Charles Cazabon  [EMAIL PROTECTED]
Any opinions expressed are just that -- my opinions.




Re: New Mail Sent to different mailboxes - bypassing MTA

2000-01-13 Thread David DeSimone

Scott V. McGuire [EMAIL PROTECTED] wrote:

 Any ideas on not using a full blown MTA for outgoing mail?  It seems
 like overkill to run sendmail (or even qmail) on a single user system
 when all I need is a program to look like sendmail but immediately
 send mail to my isp's smtp server.

What if your ISP's mail servers are down?  Then you can't send mail
anymore, until they come back.  If you run a local MTA, it can bypass
the ISP's servers, and go directly to the remote mail server.

-- 
David DeSimone   | "The doctrine of human equality reposes on this:
[EMAIL PROTECTED]   |  that there is no man really clever who has not
Hewlett-Packard  |  found that he is stupid." -- Gilbert K. Chesterson
UX WTEC Engineer |PGP: 5B 47 34 9F 3B 9A B0 0D  AB A6 15 F1 BB BE 8C 44



Re: New Mail Sent to different mailboxes - bypassing MTA

2000-01-13 Thread Scott V. McGuire

On Thu, Jan 13, 2000 at 01:54:30PM -0600, David DeSimone wrote:
 Scott V. McGuire [EMAIL PROTECTED] wrote:
 
  Any ideas on not using a full blown MTA for outgoing mail?  It seems
  like overkill to run sendmail (or even qmail) on a single user system
  when all I need is a program to look like sendmail but immediately
  send mail to my isp's smtp server.
 
 What if your ISP's mail servers are down?  Then you can't send mail
 anymore, until they come back.  If you run a local MTA, it can bypass
 the ISP's servers, and go directly to the remote mail server.
 
 -- 
 David DeSimone   | "The doctrine of human equality reposes on this:
 [EMAIL PROTECTED]   |  that there is no man really clever who has not
 Hewlett-Packard  |  found that he is stupid." -- Gilbert K. Chesterson
 UX WTEC Engineer |PGP: 5B 47 34 9F 3B 9A B0 0D  AB A6 15 F1 BB BE 8C 44

I agree that this is nice.  It looks as though nullmailer that people
mentioned above will queue, so thats taken care of.  As for going
directly to the remote server, problems with that earlier today are
what got me reading this list again and figuring out how to relay my
mail through my isp.  In the past I've had mail refused from my box,
which has a dynamic IP, because its name wouldn't resolve.  I fixed
that by getting a .dyndns.org account.  Then today a message was
refused by a computer that uses the ORBS blacklist which says that
there are too many open relays on .rr.com.  Interestingly if I forward
through my isp's server which is on .rr.com it goes through.  Go
figure.

-- 
Scott V. McGuire [EMAIL PROTECTED]
GnuPG key available at http://physics.syr.edu/~svmcguir
GnuPG key fingerprint: 21EA 4999 3620 3E1D 71EC  98A9 5B9B EF52 1258 6D53
GnuPG is at http://www.gnupg.org/



Re: New Mail Sent to different mailboxes - bypassing MTA

2000-01-13 Thread Charles Cazabon

David DeSimone [EMAIL PROTECTED] wrote:
 Scott V. McGuire [EMAIL PROTECTED] wrote:
 
  Any ideas on not using a full blown MTA for outgoing mail?  It seems
  like overkill to run sendmail (or even qmail) on a single user system
  when all I need is a program to look like sendmail but immediately
  send mail to my isp's smtp server.

 What if your ISP's mail servers are down?  Then you can't send mail
 anymore, until they come back.  If you run a local MTA, it can bypass
 the ISP's servers, and go directly to the remote mail server.
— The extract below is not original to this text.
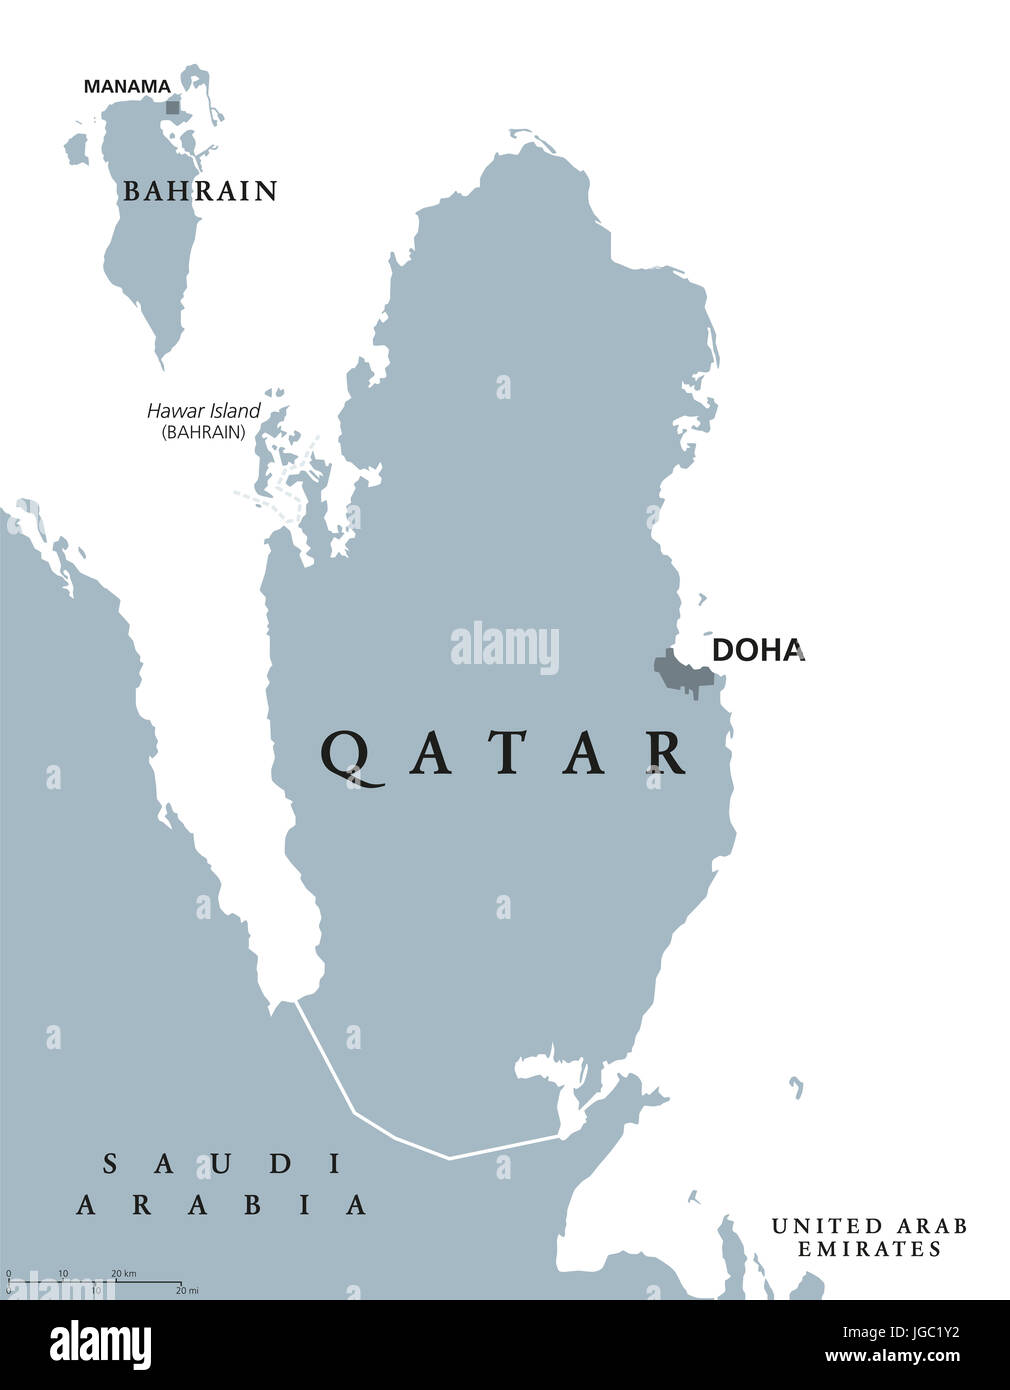 Qatar mapa político con capital de Doha. Estado y país soberano en Asia occidental en la costa noreste de la Península Arábiga. Ilustración de color gris. Foto de stock

nullmailer has a queue and will send the mail when the smarthost comes back
up.

Yes, running a local MTA is good for some things.  It's not necessary for
others.  If we have, say, fifty Unix boxes here in our development areas,
we don't need to run a full MTA on all of them.  We can run nullmailer on
each one, pointing at our main SMTP/POP3 mailhost.

There's other solutions, as well.

Charles
-- 

Charles Cazabon  [EMAIL PROTECTED]
Any opinions expressed are just that -- my opinions.